This exercise calls for an exact copy of the listing, with no pictures kept.

## Data:
┌──

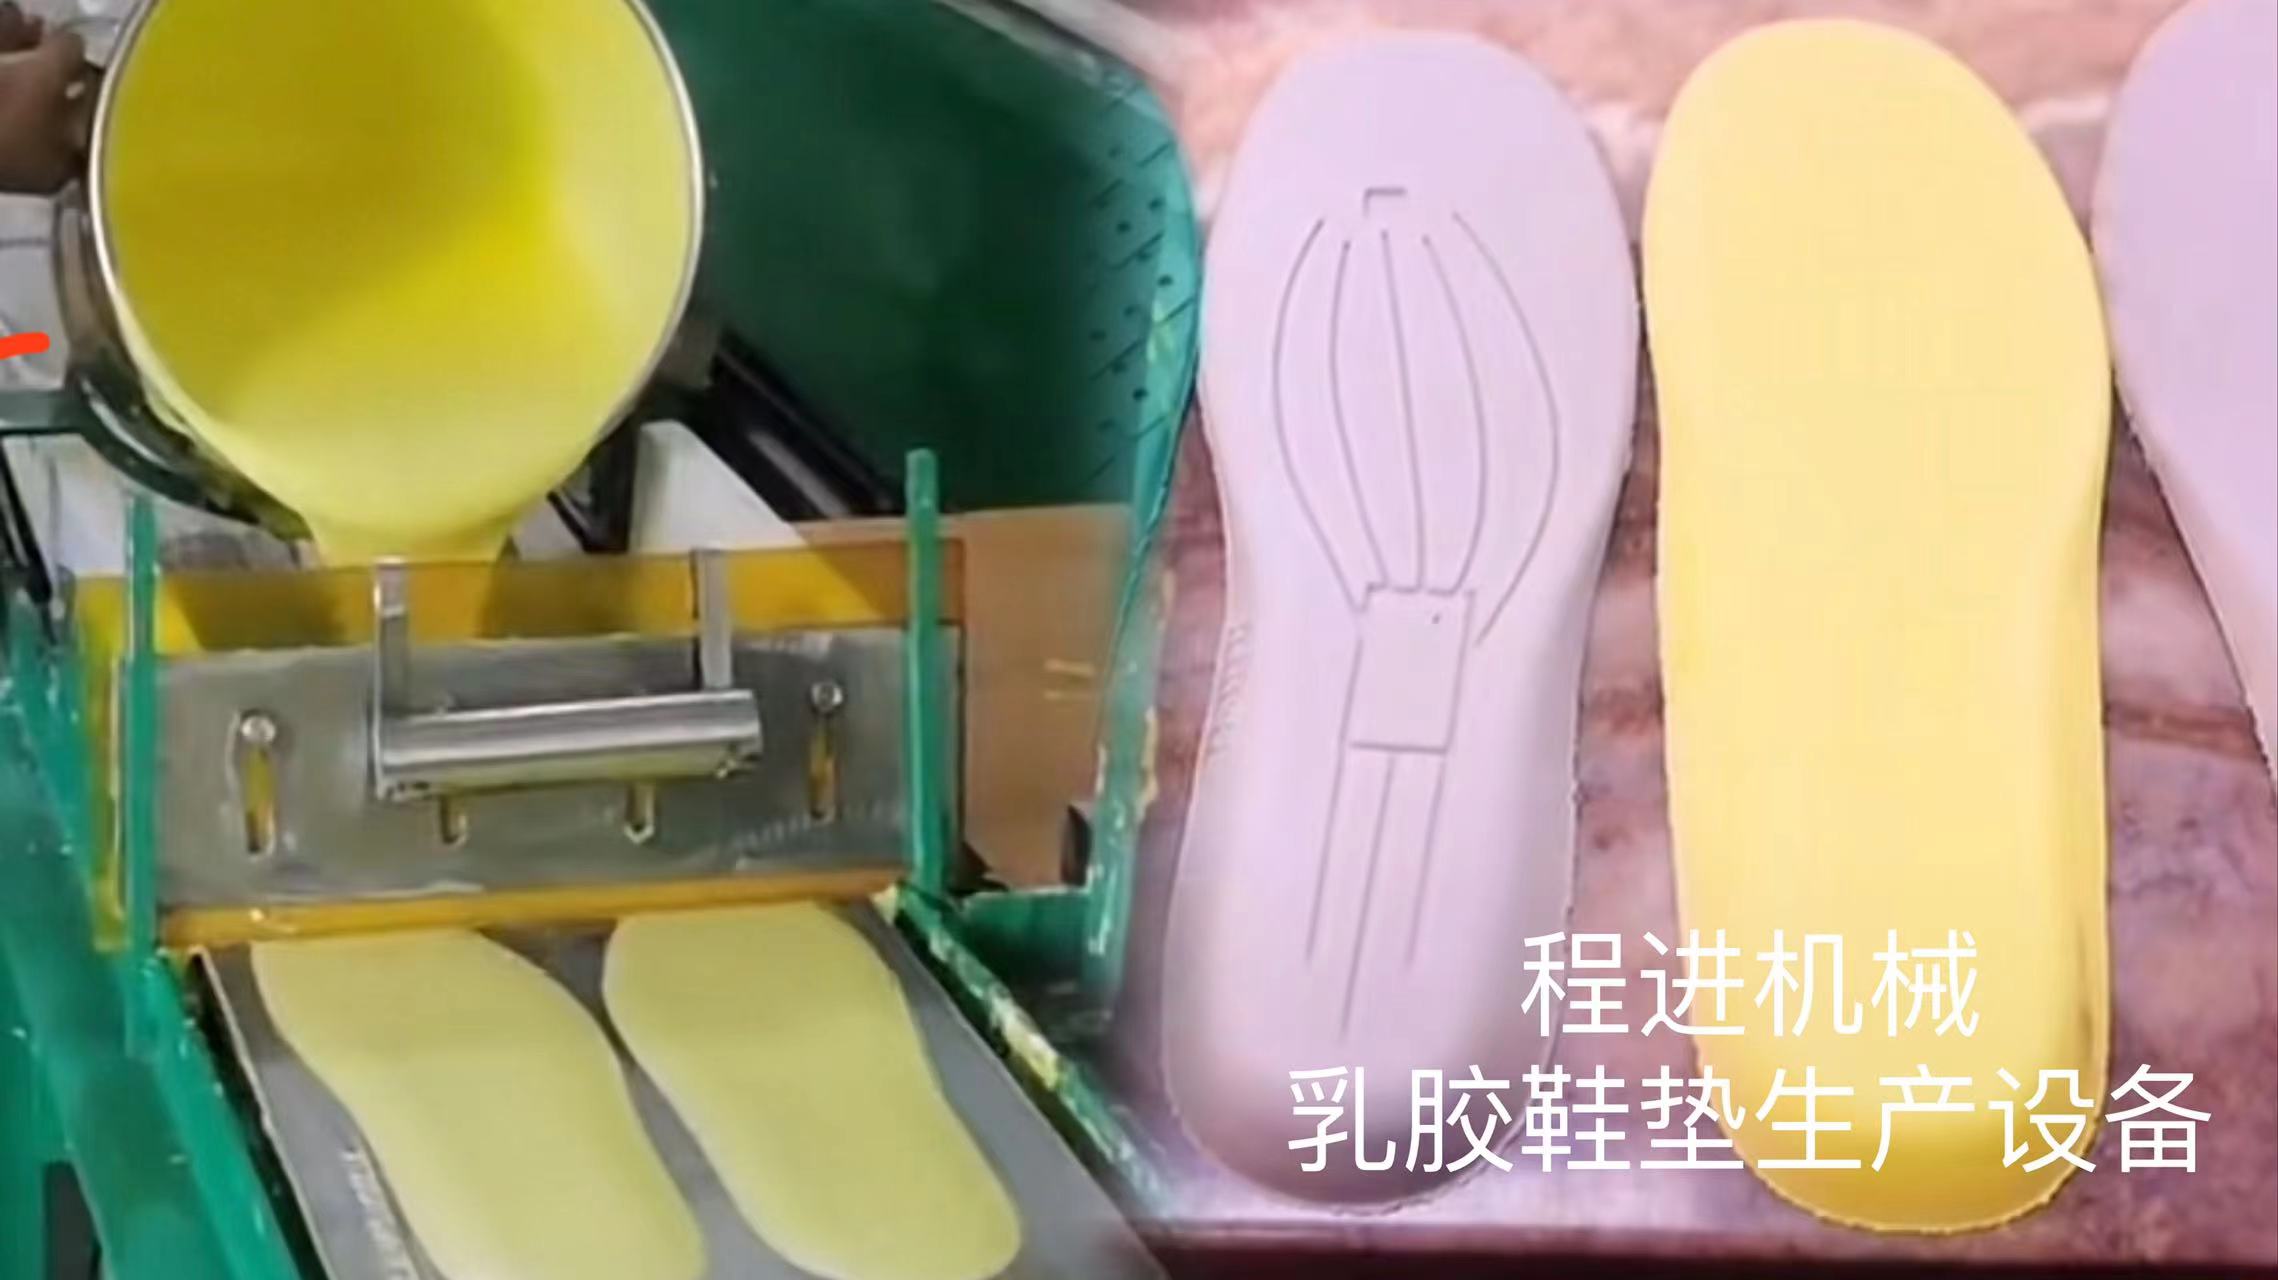 小型乳胶鞋垫生产设备 小型鞋垫生产机械是用来生产乳胶鞋垫的机械设备。
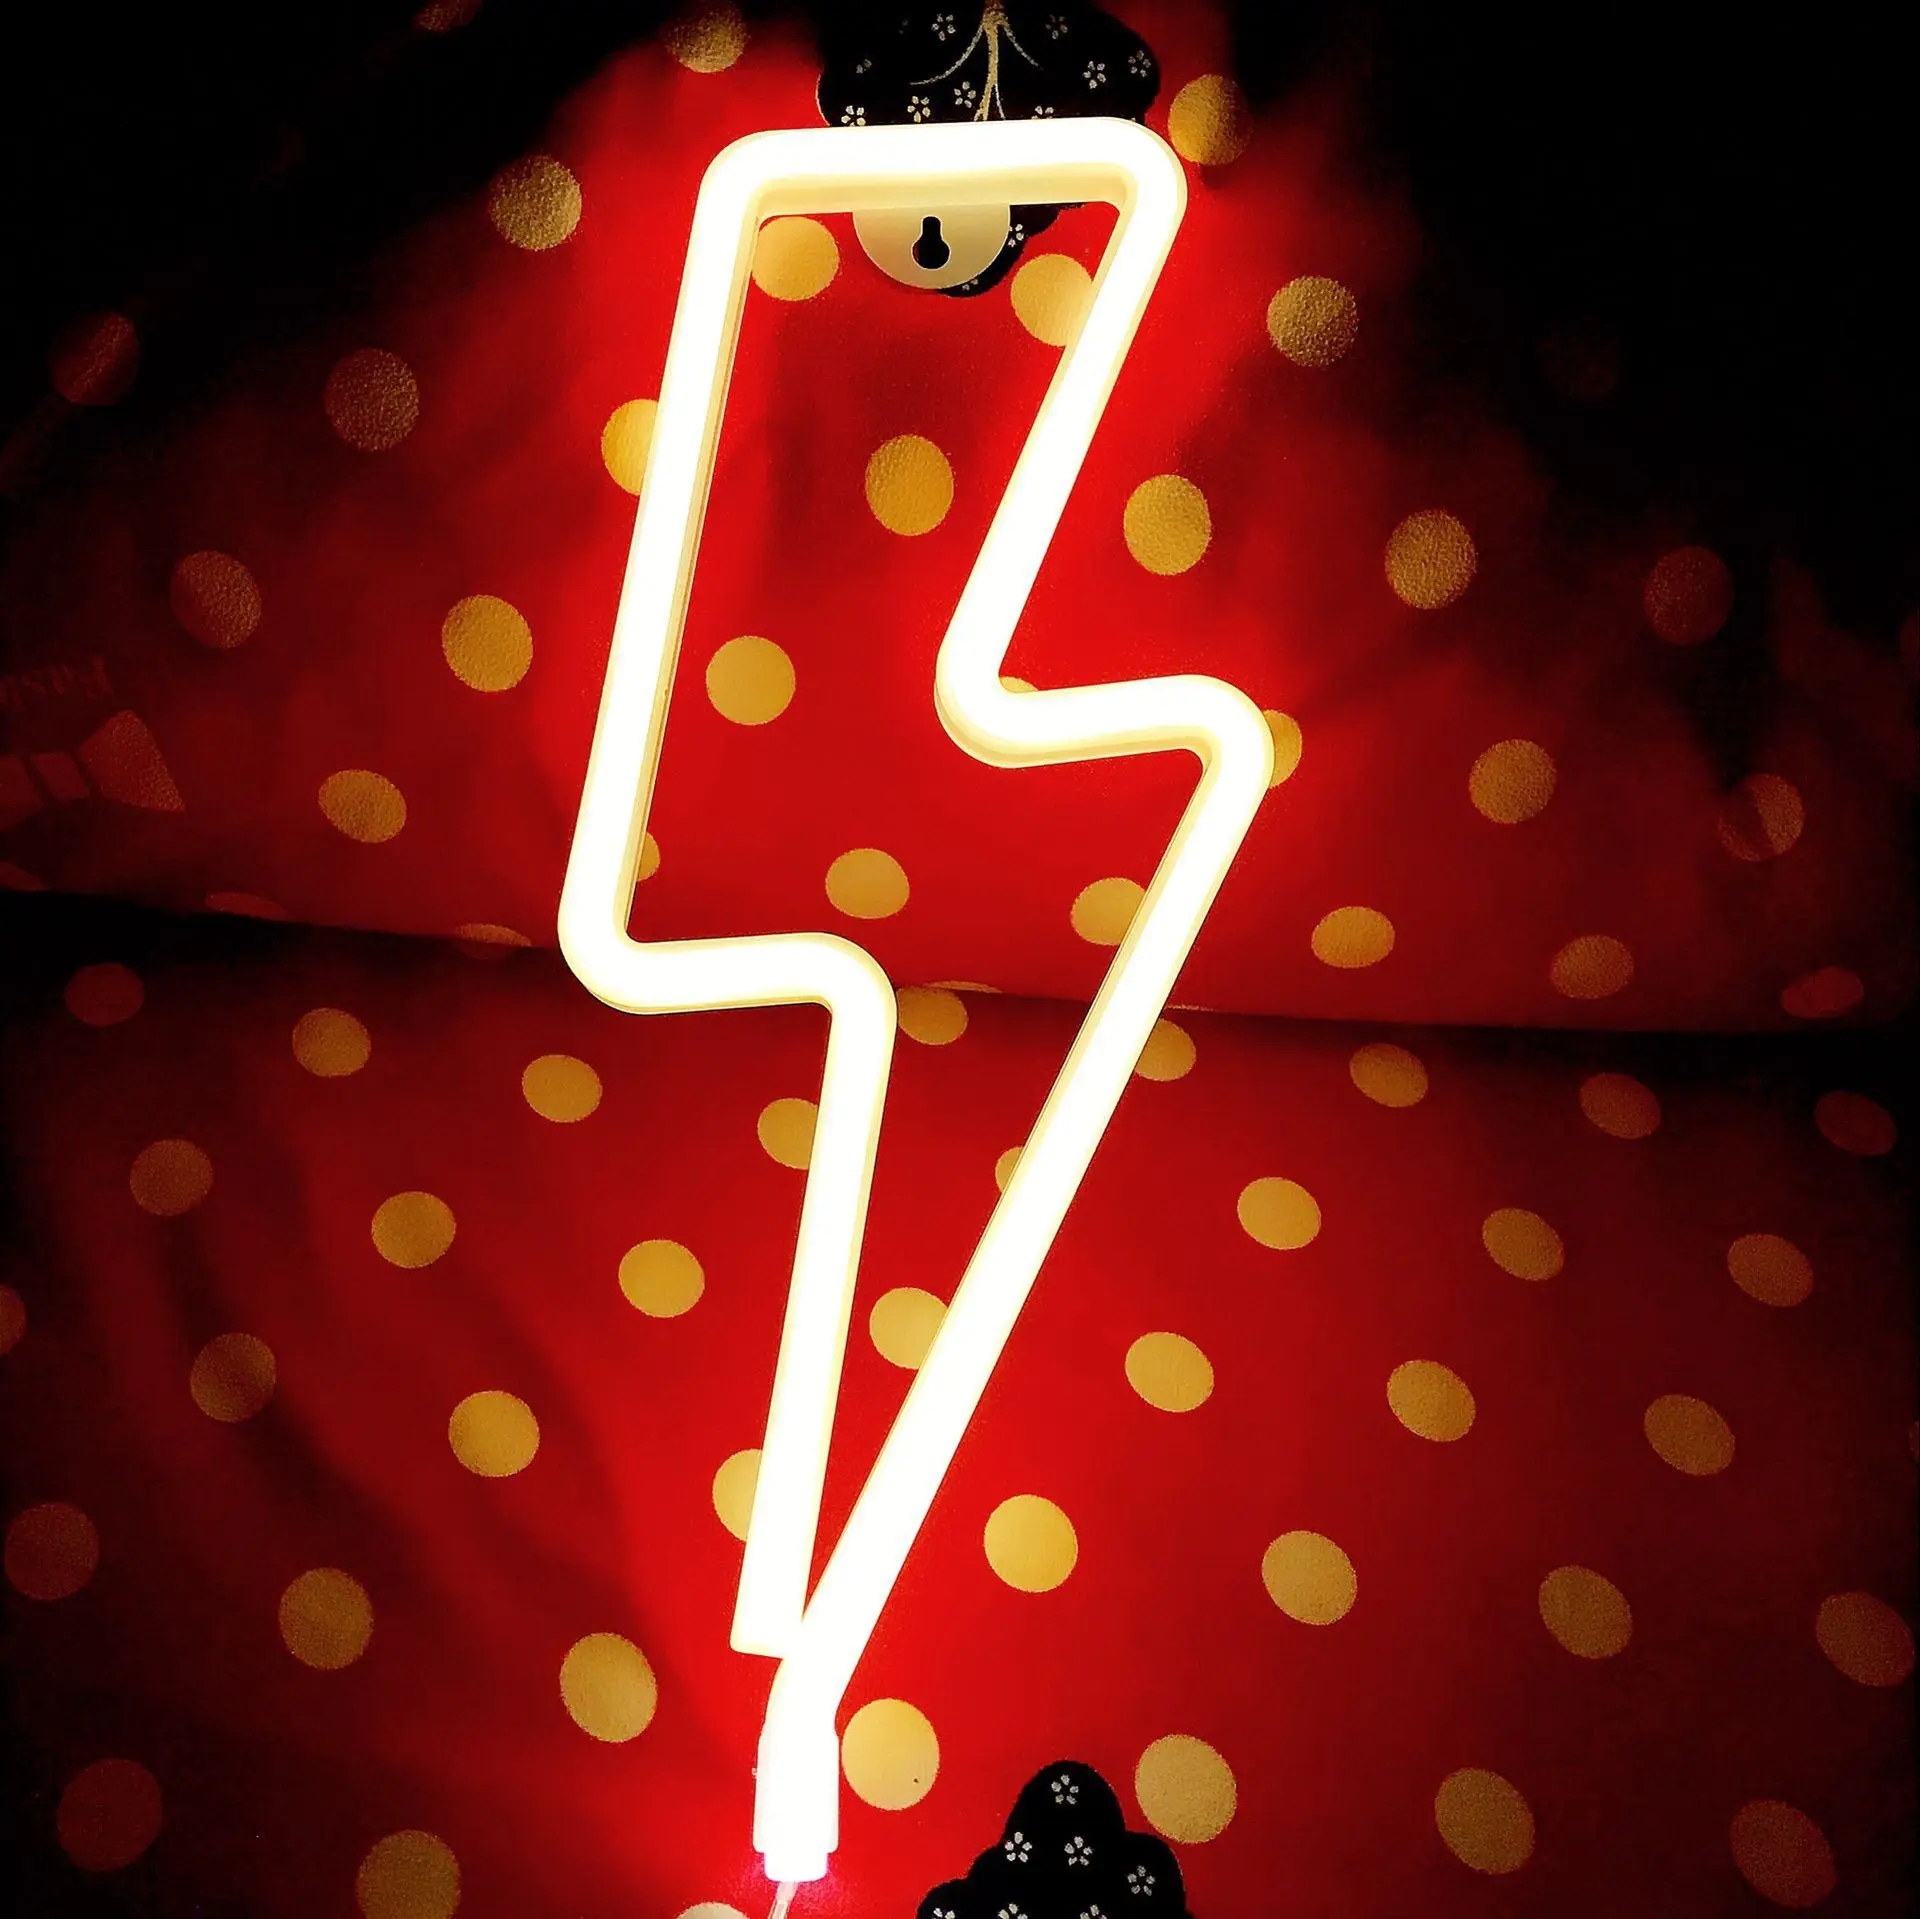 Праздник праздничные поставки общежития украшения комнаты светодиодная неоновая лампа светильник ning моделирование на день рождения предложение фон Творческий светильник
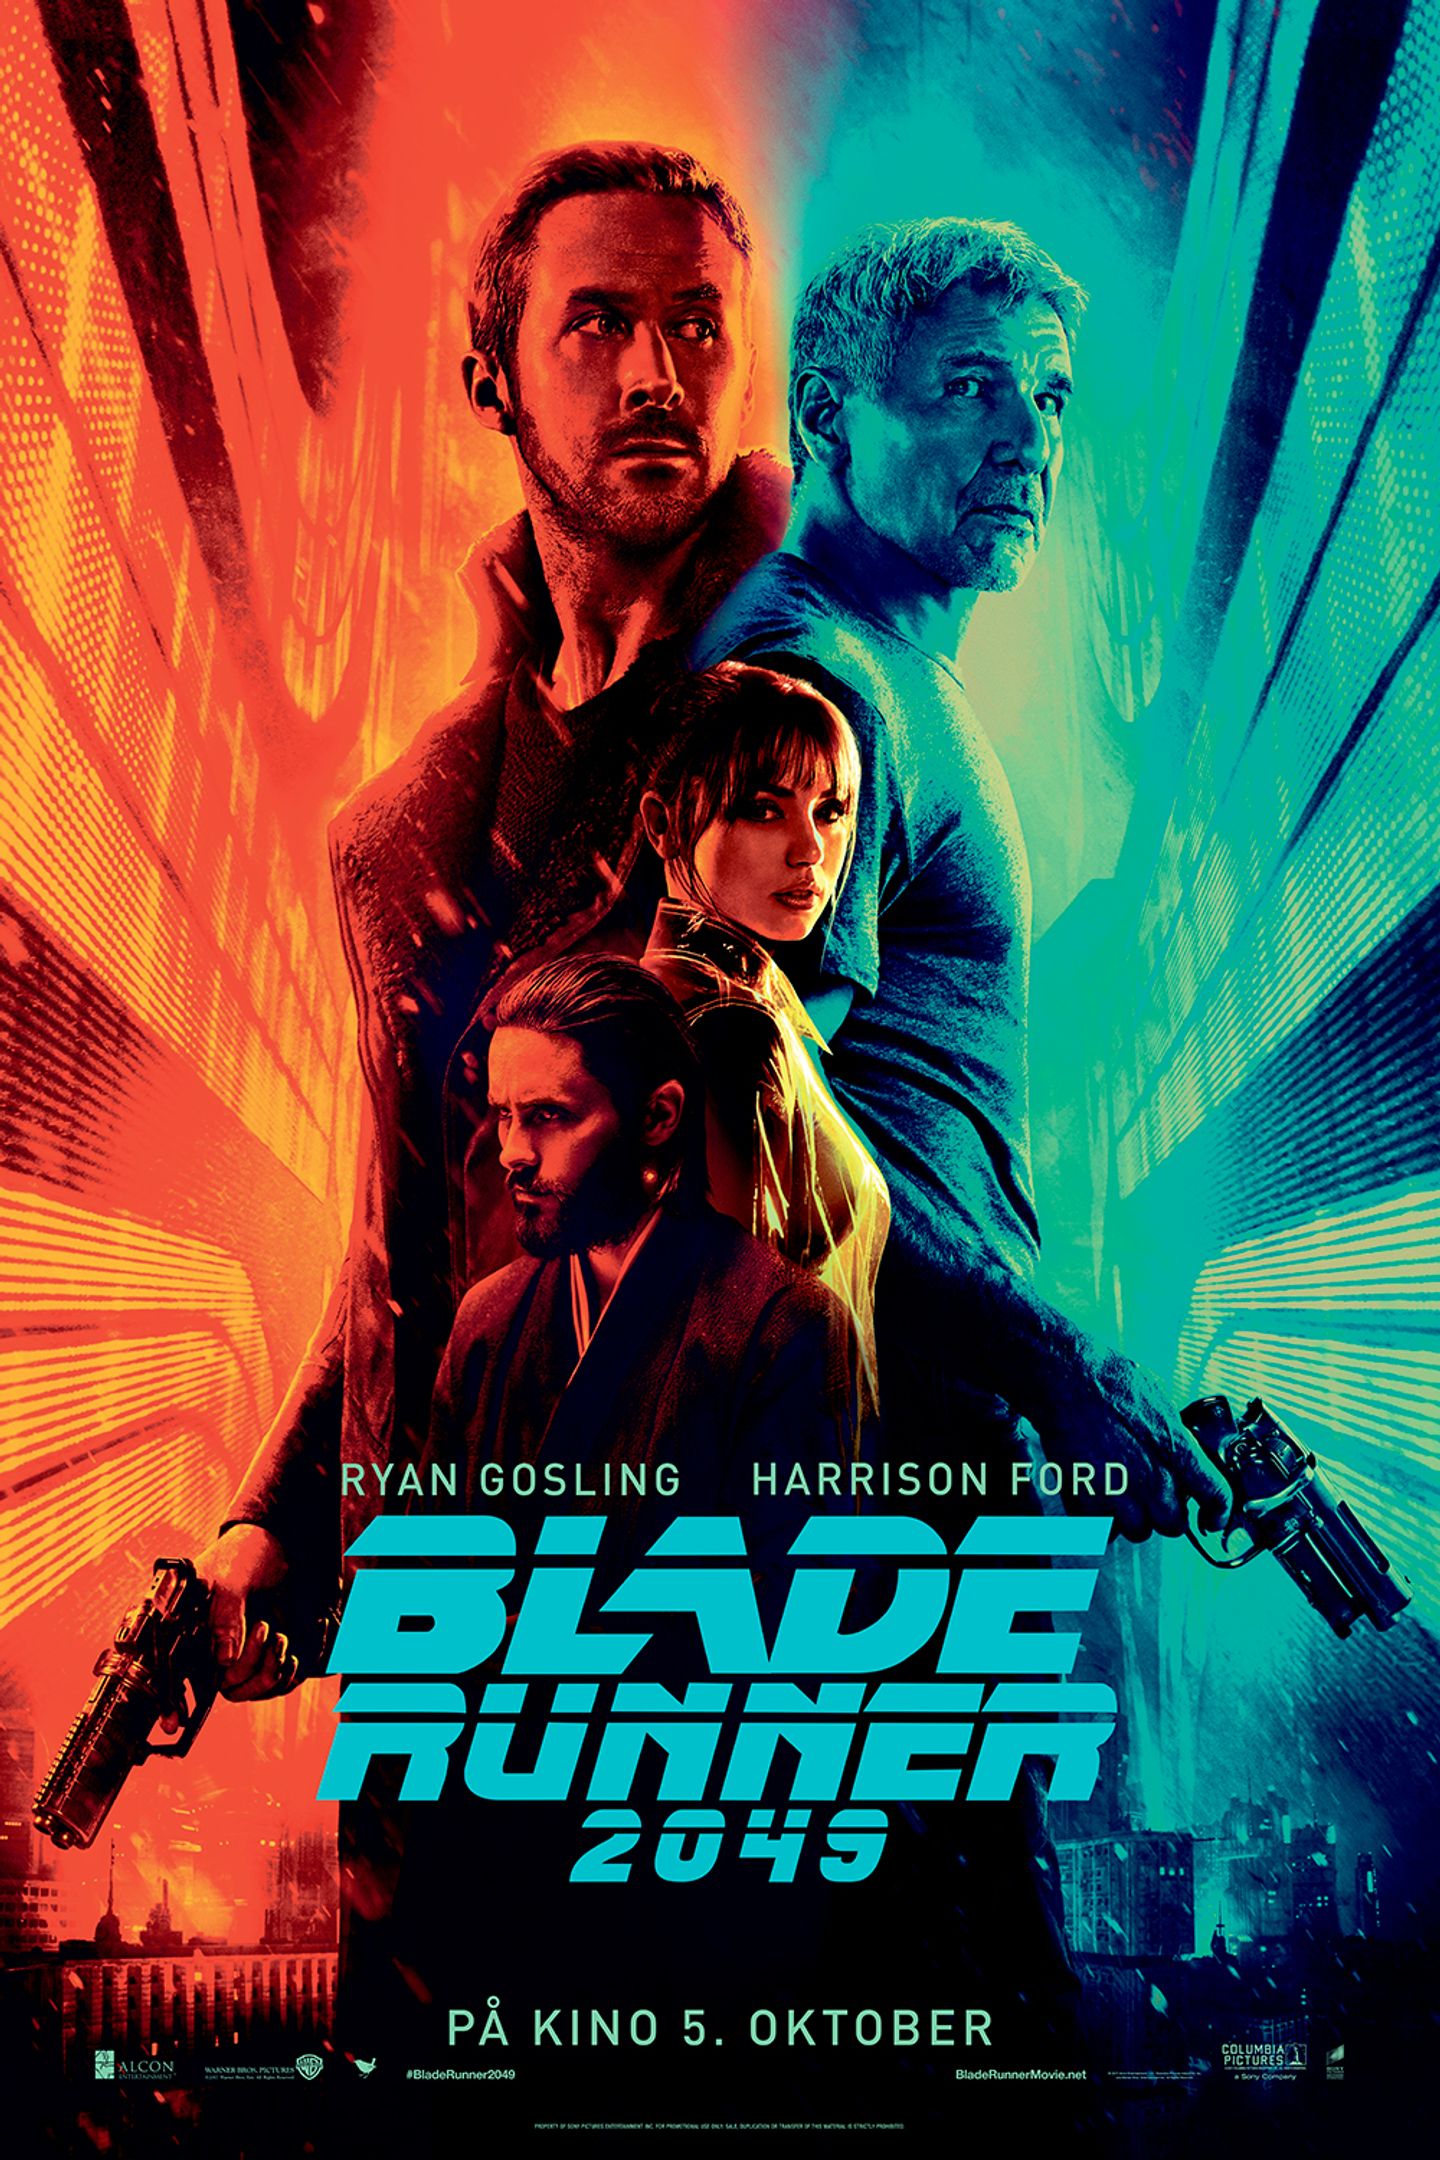 Plakat for 'Blade Runner 2049'

└──

## Response for this exercise:
 小型乳胶鞋垫生产设备 小型鞋垫生产机械是用来生产乳胶鞋垫的机械设备。
 Праздник праздничные поставки общежития украшения комнаты светодиодная неоновая лампа светильник ning моделирование на день рождения предложение фон Творческий светильник
 Plakat for 'Blade Runner 2049'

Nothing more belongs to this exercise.